* _DATA SHOWN_:
........

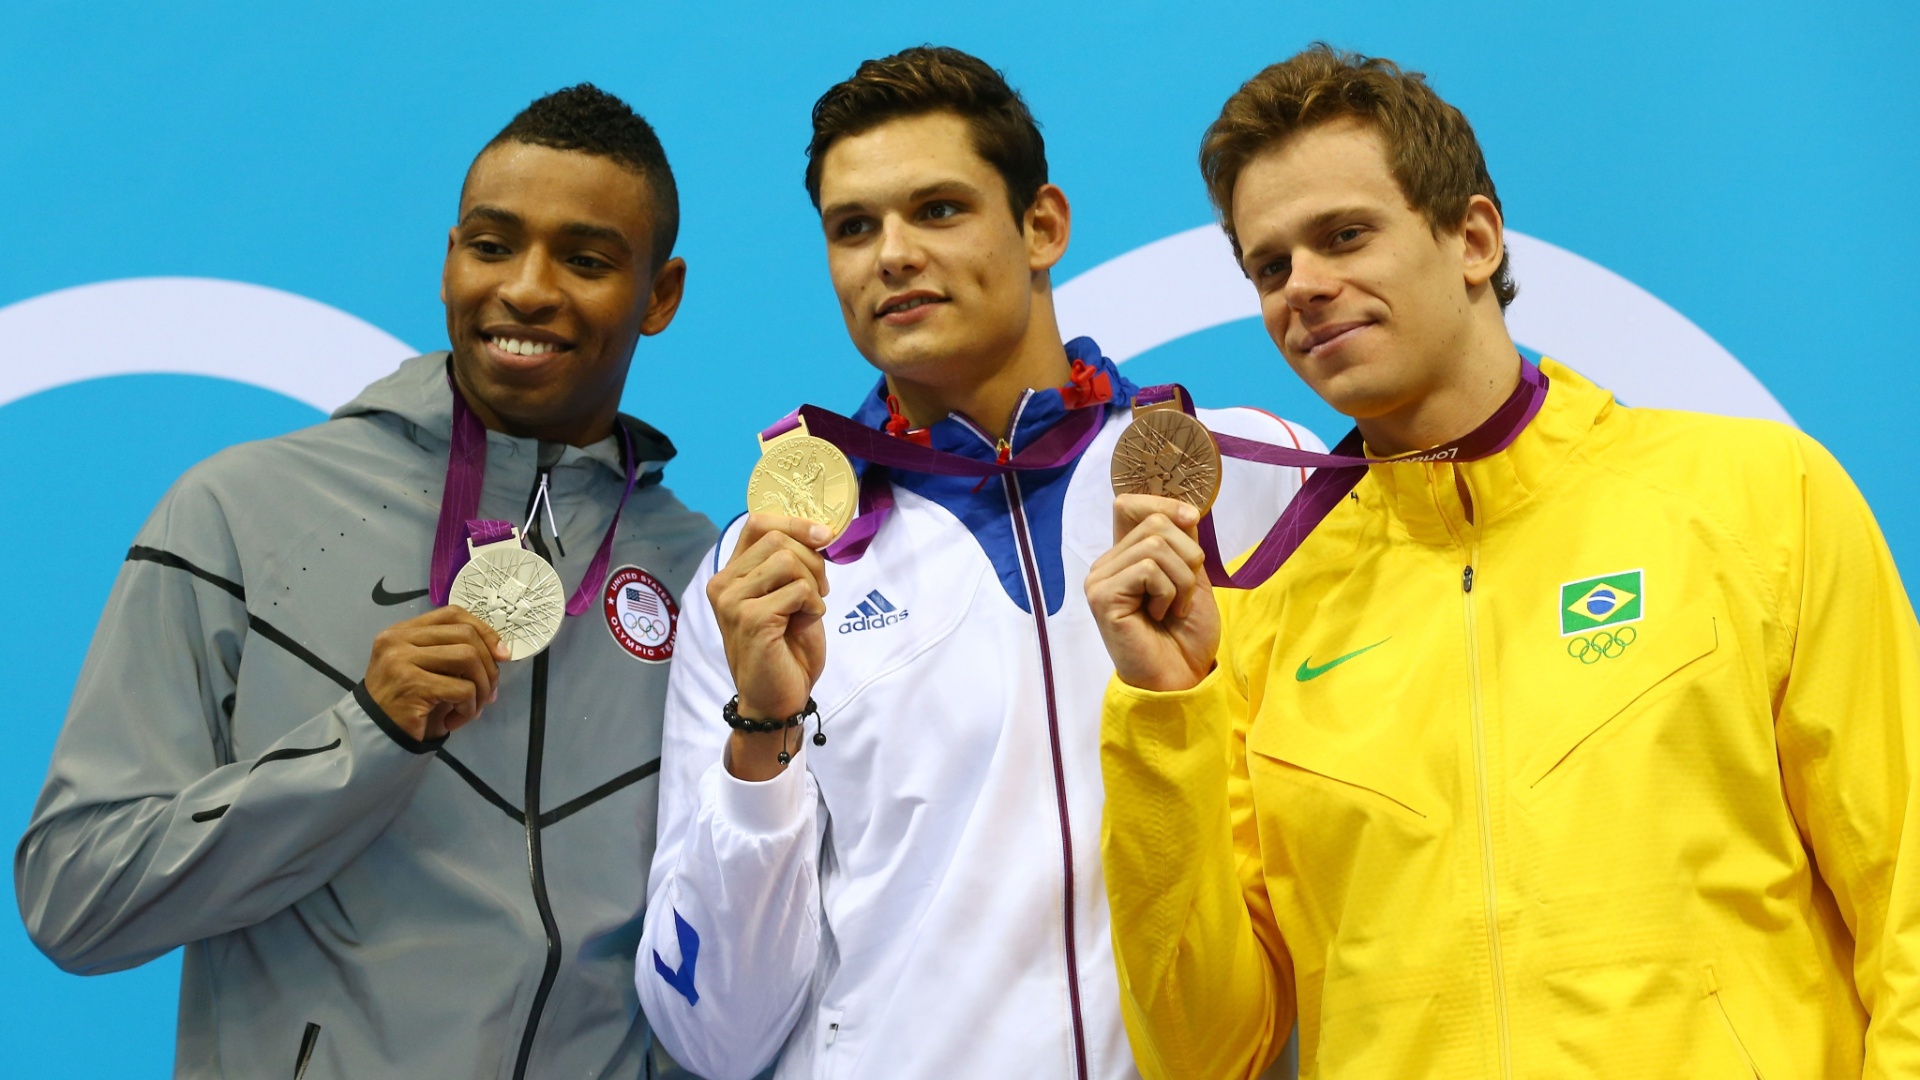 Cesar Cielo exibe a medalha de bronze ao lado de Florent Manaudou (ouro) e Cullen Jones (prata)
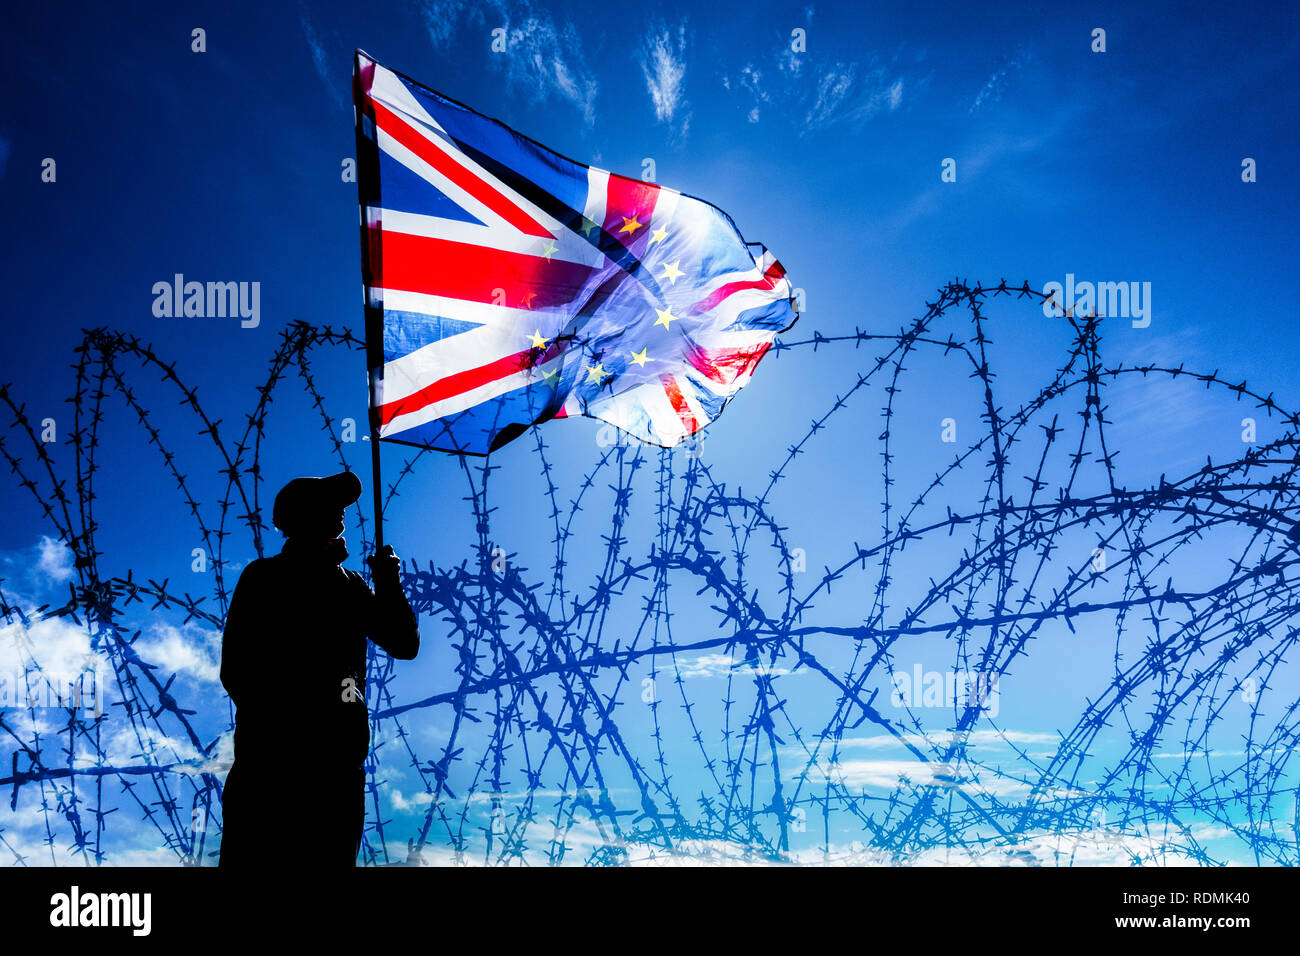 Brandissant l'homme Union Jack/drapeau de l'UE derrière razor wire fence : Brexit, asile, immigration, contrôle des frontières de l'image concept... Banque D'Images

........

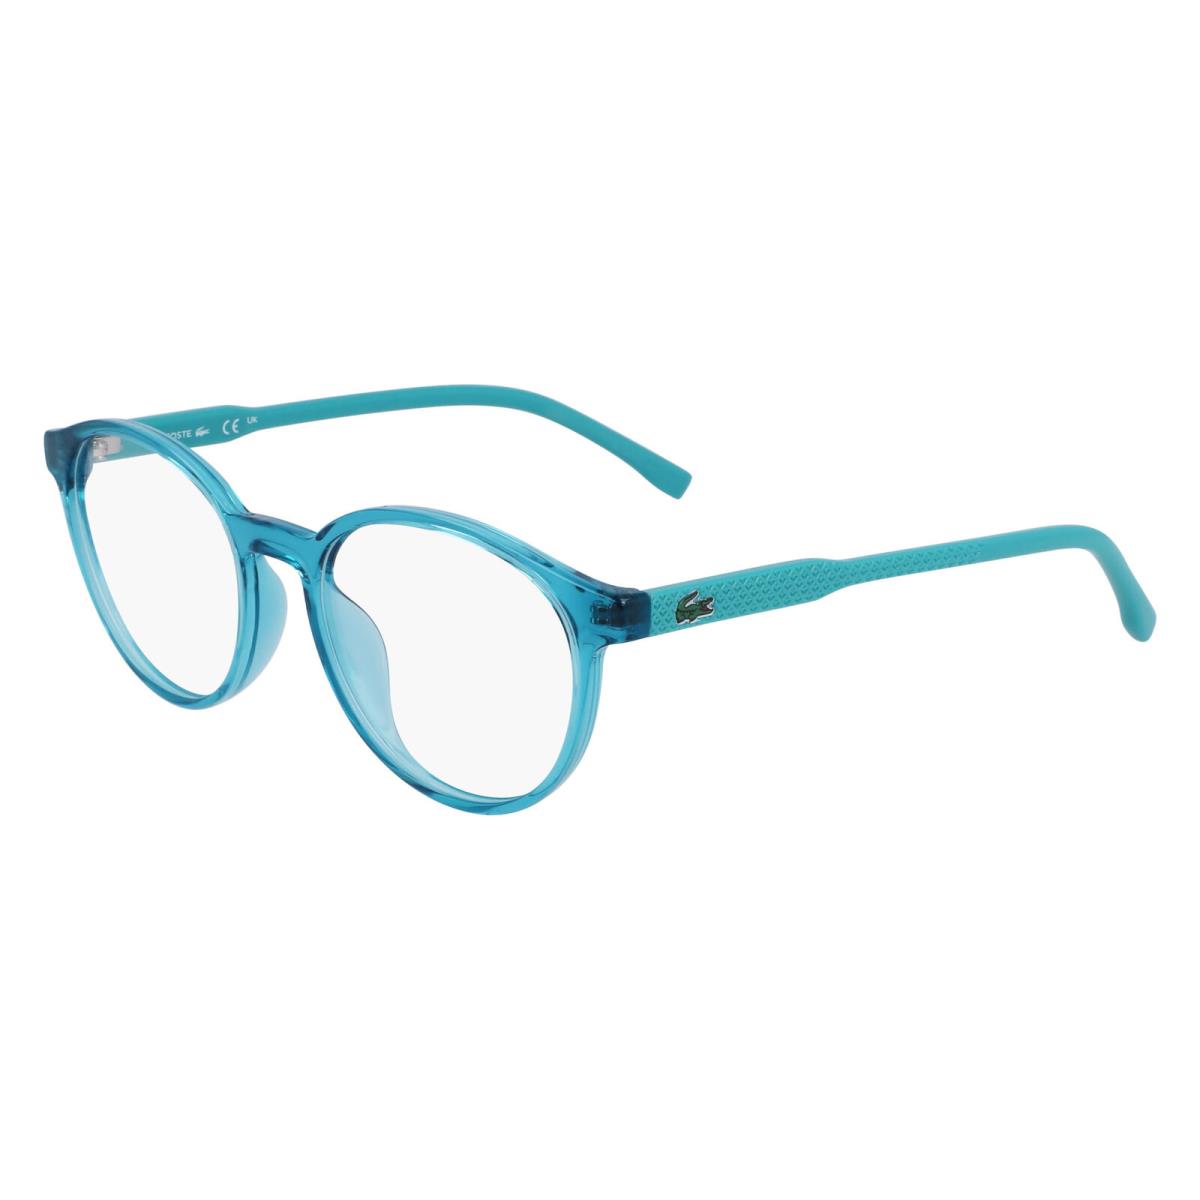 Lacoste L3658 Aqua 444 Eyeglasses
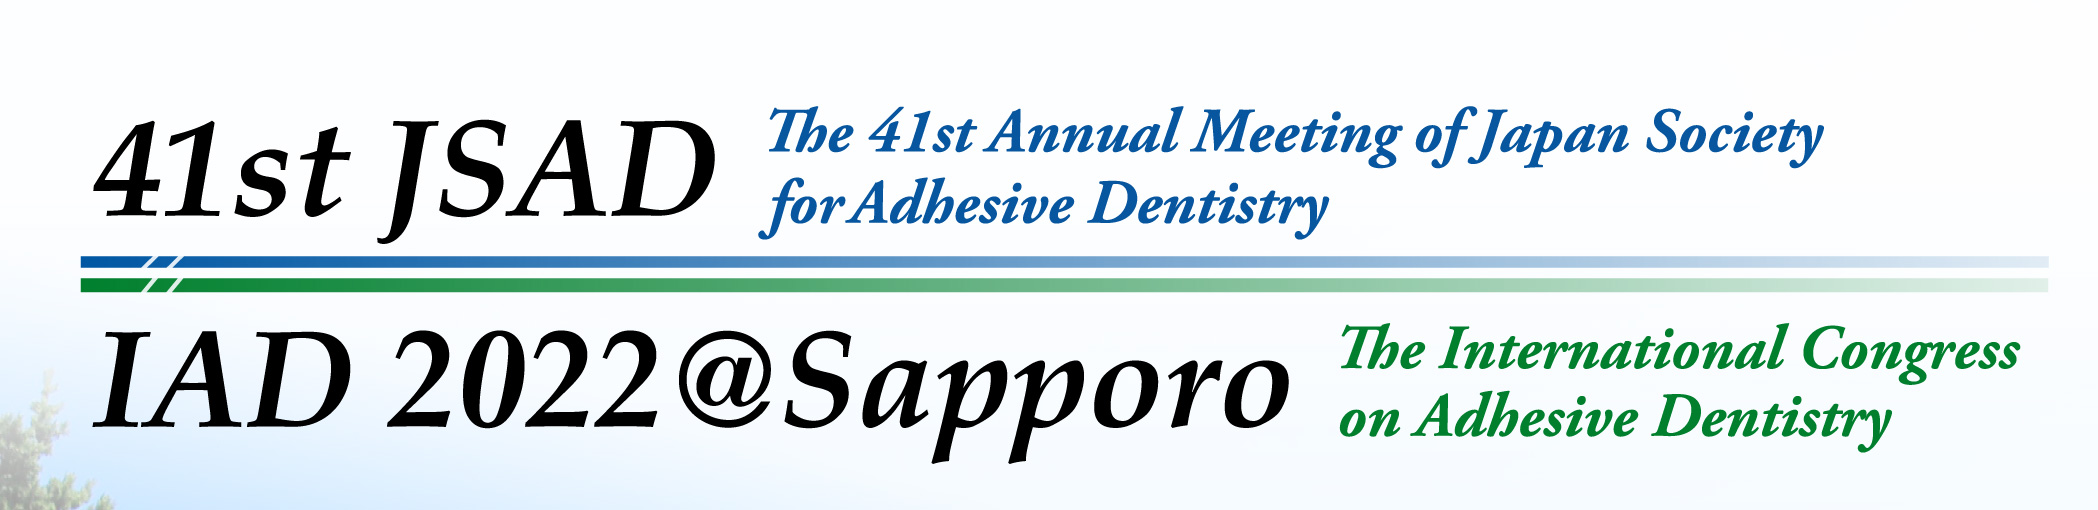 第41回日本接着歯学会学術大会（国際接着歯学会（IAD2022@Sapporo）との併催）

........

A clean copy is needed of the lines above from the one with "Cesar Cielo exibe" up to and including the one with "Brandissant l'homme Union". Please set it down exactly, with no pictures.

 Cesar Cielo exibe a medalha de bronze ao lado de Florent Manaudou (ouro) e Cullen Jones (prata)
 Brandissant l'homme Union Jack/drapeau de l'UE derrière razor wire fence : Brexit, asile, immigration, contrôle des frontières de l'image concept... Banque D'Images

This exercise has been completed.